In this step you removed capabilities and apparmor from interfering, and started a new container with a seccomp profile that had no syscalls in its whitelist. You saw how this prevented all syscalls from within the container or to let it start in the first place.

Step 3: Run a container with no seccomp profile

Unless you specify a different profile, Docker will apply the default seccomp profile to all new containers. In this step you will see how to force a new container to run without a seccomp profile.

  1. Start a new container with the --security-opt seccomp=unconfined flag so that no seccomp profile is applied to it.

    docker run --rm -it --security-opt seccomp=unconfined debian:jessie sh
    
  2. From the terminal of the container run a whoami command to confirm that the container works and can make syscalls back to the Docker Host.

    whoami
    
    root
    
  3. To prove that we are not running with the default seccomp profile, try running a unshare command, which creates a new namespace:
      unshare --map-root-user --user
      whoami
    
      root
    
  4. Exit the container.
    exit
    
  5. Run the following strace command from your Docker Host to see a list of the syscalls used by the whoami program.

    Your Docker Host will need the strace package installed.

    apk add --update strace
    strace -c -f -S name whoami 2>&1 1>/dev/null | tail -n +3 | head -n -2 | awk '{print $(NF)}'
    
    access
    arch_prctl
    brk
    close
    connect
    execve
    <SNIP>
    socket
    write
    

You can also run the following simpler command and get a more verbose output.

   strace whoami
   execve("/usr/bin/whoami", ["whoami", "-qq"], [/* 21 vars */]) = 0
   brk(0)                                  = 0x1980000
   <SNIP>

You can substitute whoami for any other program.

In this step you started a new container with no seccomp profile and verified that the whoami program could execute. You also used the strace program to list the syscalls made by a particular run of the whoami program.

Step 4: Selectively remove syscalls

In this step you will see how applying changes to the default.json profile can be a good way to fine-tune which syscalls are available to containers.

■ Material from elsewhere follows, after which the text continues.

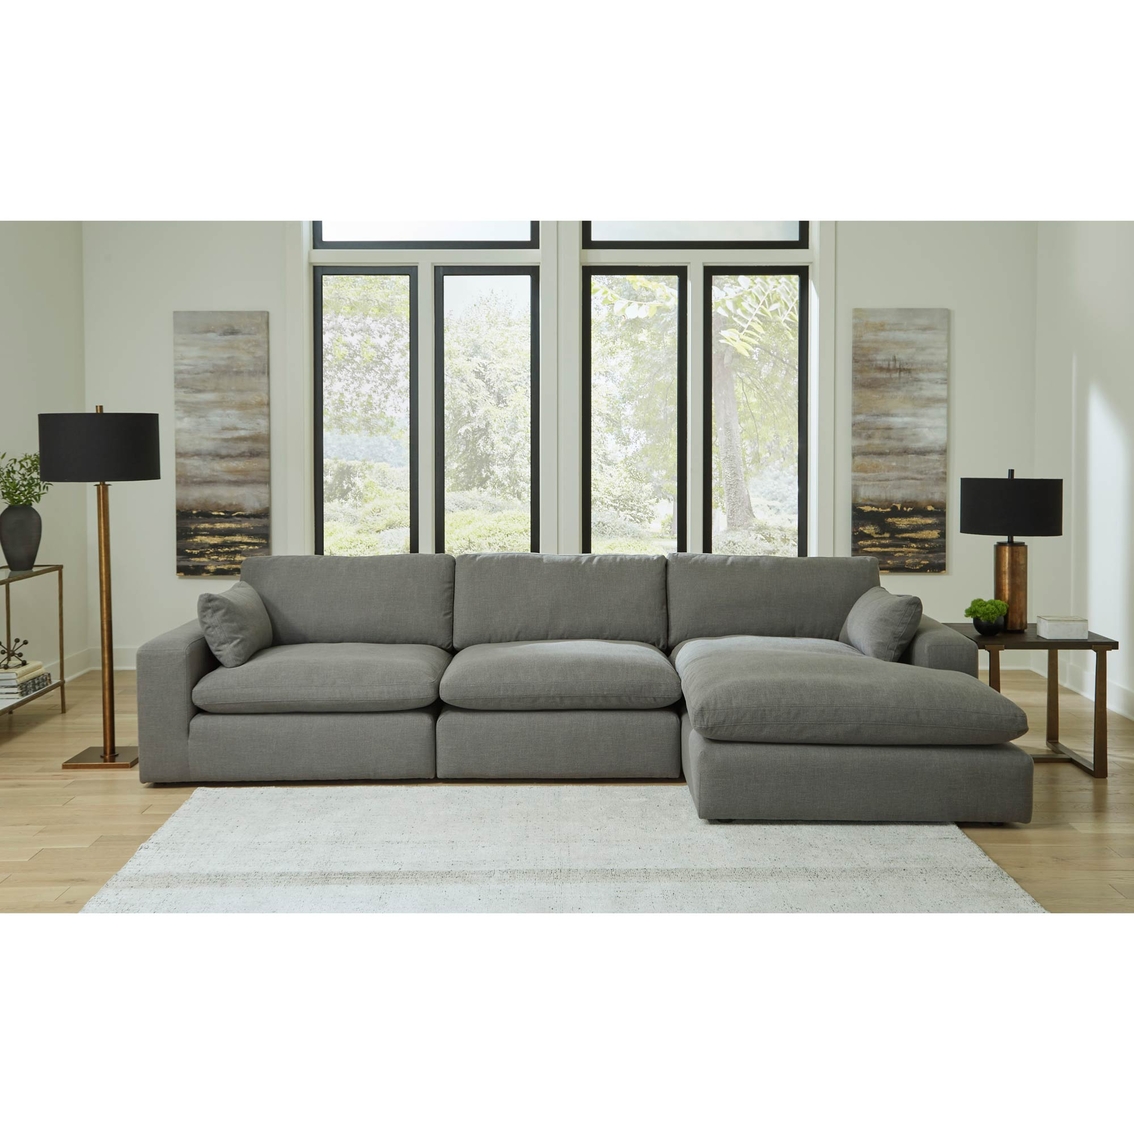 Millennium by Ashley Elyza 3 pc. Sectional with Chaise - Image 3 of 4
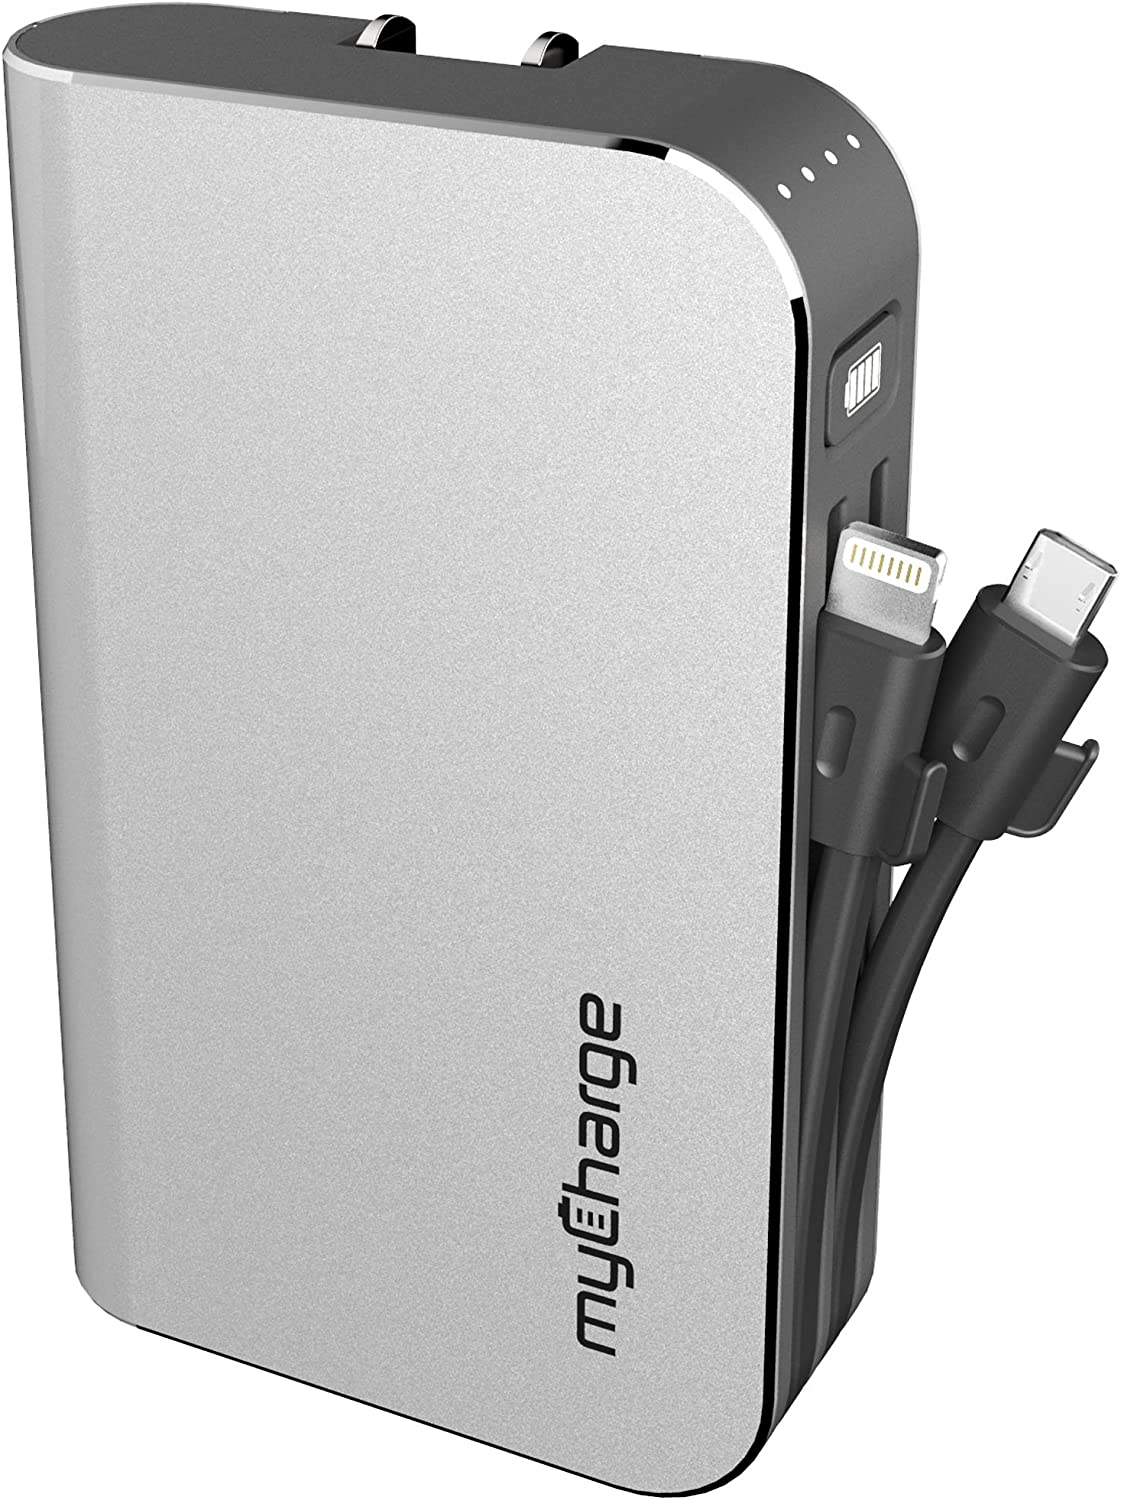 myCharge - HB44V-A HUBXTRA 4400 mAh Portable Charger for Most Lightning-Equipped Apple® Devices - Gray

The default-no-chmod.json profile is a modification of the default.json profile with the chmod(), fchmod(), and chmodat() syscalls removed from its whitelist.

  1. Start a new container with the default-no-chmod.json profile and attempt to run the chmod 777 / -v command.

    docker run --rm -it --security-opt seccomp=./seccomp-profiles/default-no-chmod.json alpine sh
    

    and then from inside the container:

    chmod 777 / -v
    
    chmod: /: Operation not permitted
    

The command fails because the chmod 777 / -v command uses some of the chmod(), fchmod(), and chmodat() syscalls that have been removed from the whitelist of the default-no-chmod.json profile.

  1. Exit the container.
    exit
    
  2. Start another new container with the default.json profile and run the same chmod 777 / -v.

    docker run --rm -it --security-opt seccomp=./seccomp-profiles/default.json alpine sh
    

    and then from inside the container:

    chmod 777 / -v
    
    mode of '/' changed to 0777 (rwxrwxrwx)
    

The command succeeds this time because the default.json profile has the chmod(), fchmod(), and chmodat syscalls included in its whitelist.

  1. Exit the container.
    exit
    
  2. Check both profiles for the presence of the chmod(), fchmod(), and chmodat() syscalls.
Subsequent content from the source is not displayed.